Using Deep Learning to Find the Next Unicorn: A Practical Synthesis
Lele Cao, Vilhelm von Ehrenheim, Sebastian Krakowski, Xiaoxue Li, Alexandra Lutz
TL;DR
This work targets the challenge of predicting unicorn startups in early-stage VC by synthesizing deep learning approaches across a nine-task lifecycle, from problem framing to deployment. It advocates a practical pipeline that emphasizes multi-modal and extrinsic data, investor-centric data splits, data balance and imputation strategies, and portfolio-based evaluation to reflect real-world ROI. A strong emphasis is placed on explainability (global and instance-level) and keeping humans in the loop to enhance trust and adapt to changing investment criteria. The paper provides actionable guidance for practitioners, highlighting compatibility filtering before prediction, simple yet effective data preprocessing, and model-agnostic explanations, with implications for developing transparent, scalable, and ROI-informed DL systems for startup sourcing.
Abstract
Startups often represent newly established business models associated with disruptive innovation and high scalability. They are commonly regarded as powerful engines for economic and social development. Meanwhile, startups are heavily constrained by many factors such as limited financial funding and human resources.
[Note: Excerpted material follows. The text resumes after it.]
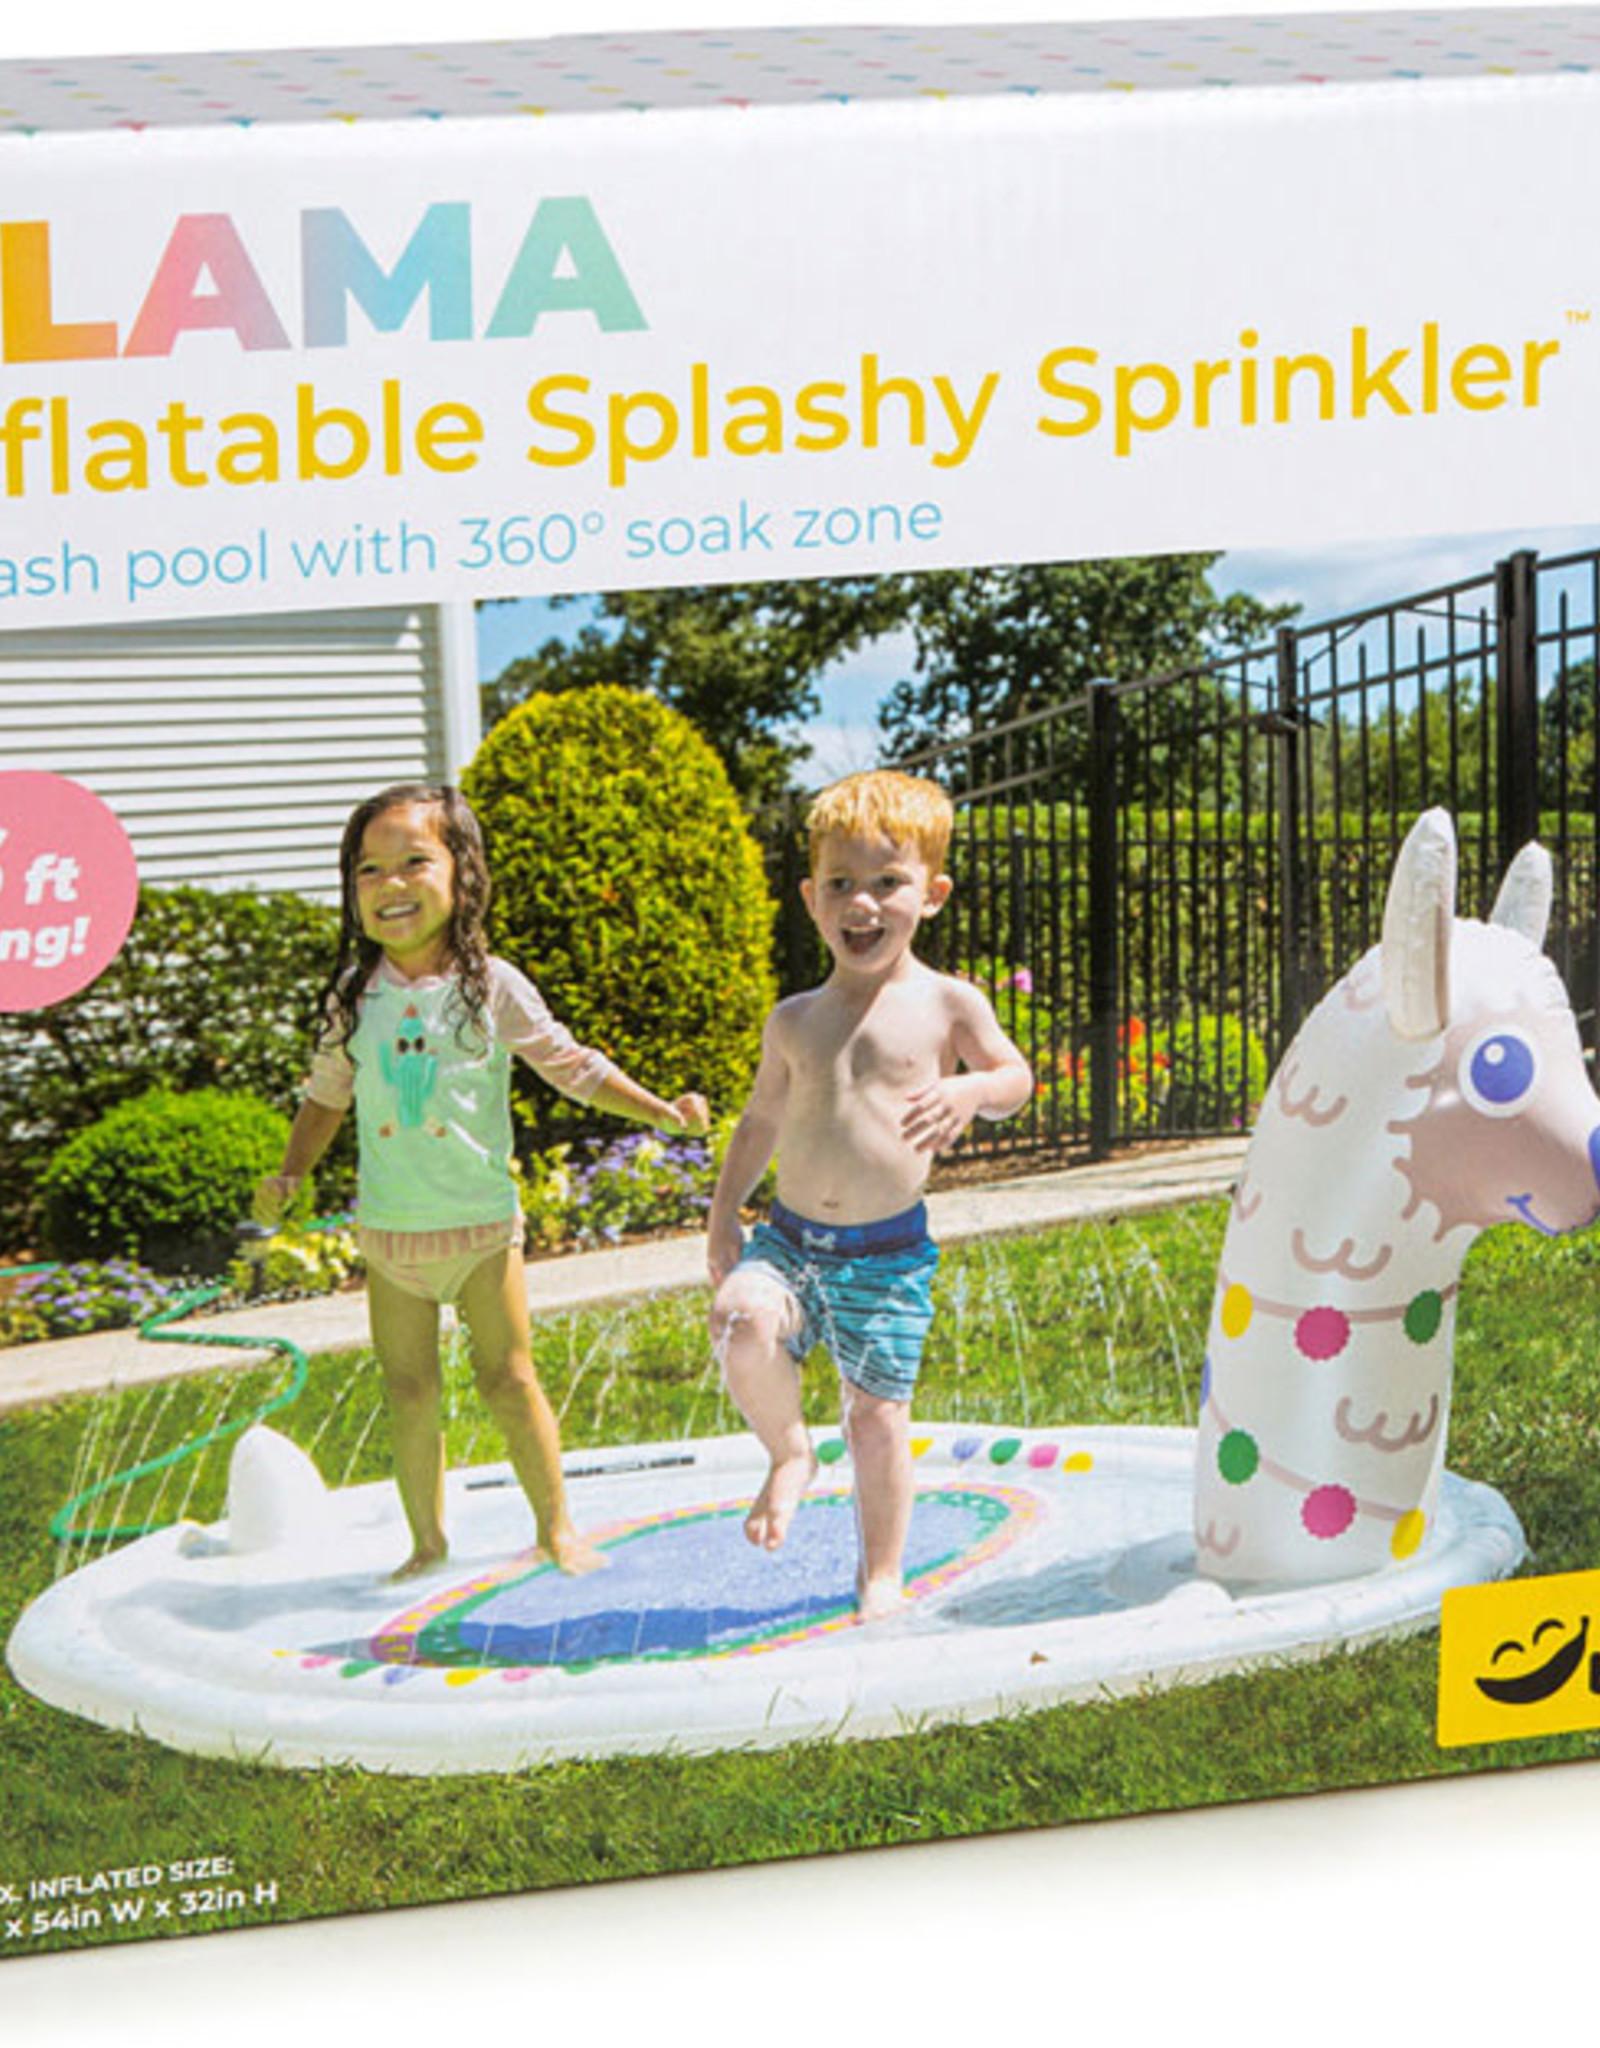 Splashy Sprinklers Llama

Therefore, the chance for a startup to eventually succeed is as rare as "spotting a unicorn in the wild". Venture Capital (VC) strives to identify and invest in unicorn startups during their early stages, hoping to gain a high return. To avoid entirely relying on human domain expertise and intuition, investors usually employ data-driven approaches to forecast the success probability of startups. Over the past two decades, the industry has gone through a paradigm shift moving from conventional statistical approaches towards becoming machine-learning (ML) based. Notably, the rapid growth of data volume and variety is quickly ushering in deep learning (DL), a subset of ML, as a potentially superior approach in terms of capacity and expressivity. In this work, we carry out a literature review and synthesis on DL-based approaches, covering the entire DL life cycle. The objective is a) to obtain a thorough and in-depth understanding of the methodologies for startup evaluation using DL, and b) to distil valuable and actionable learning for practitioners. To the best of our knowledge, our work is the first of this kind.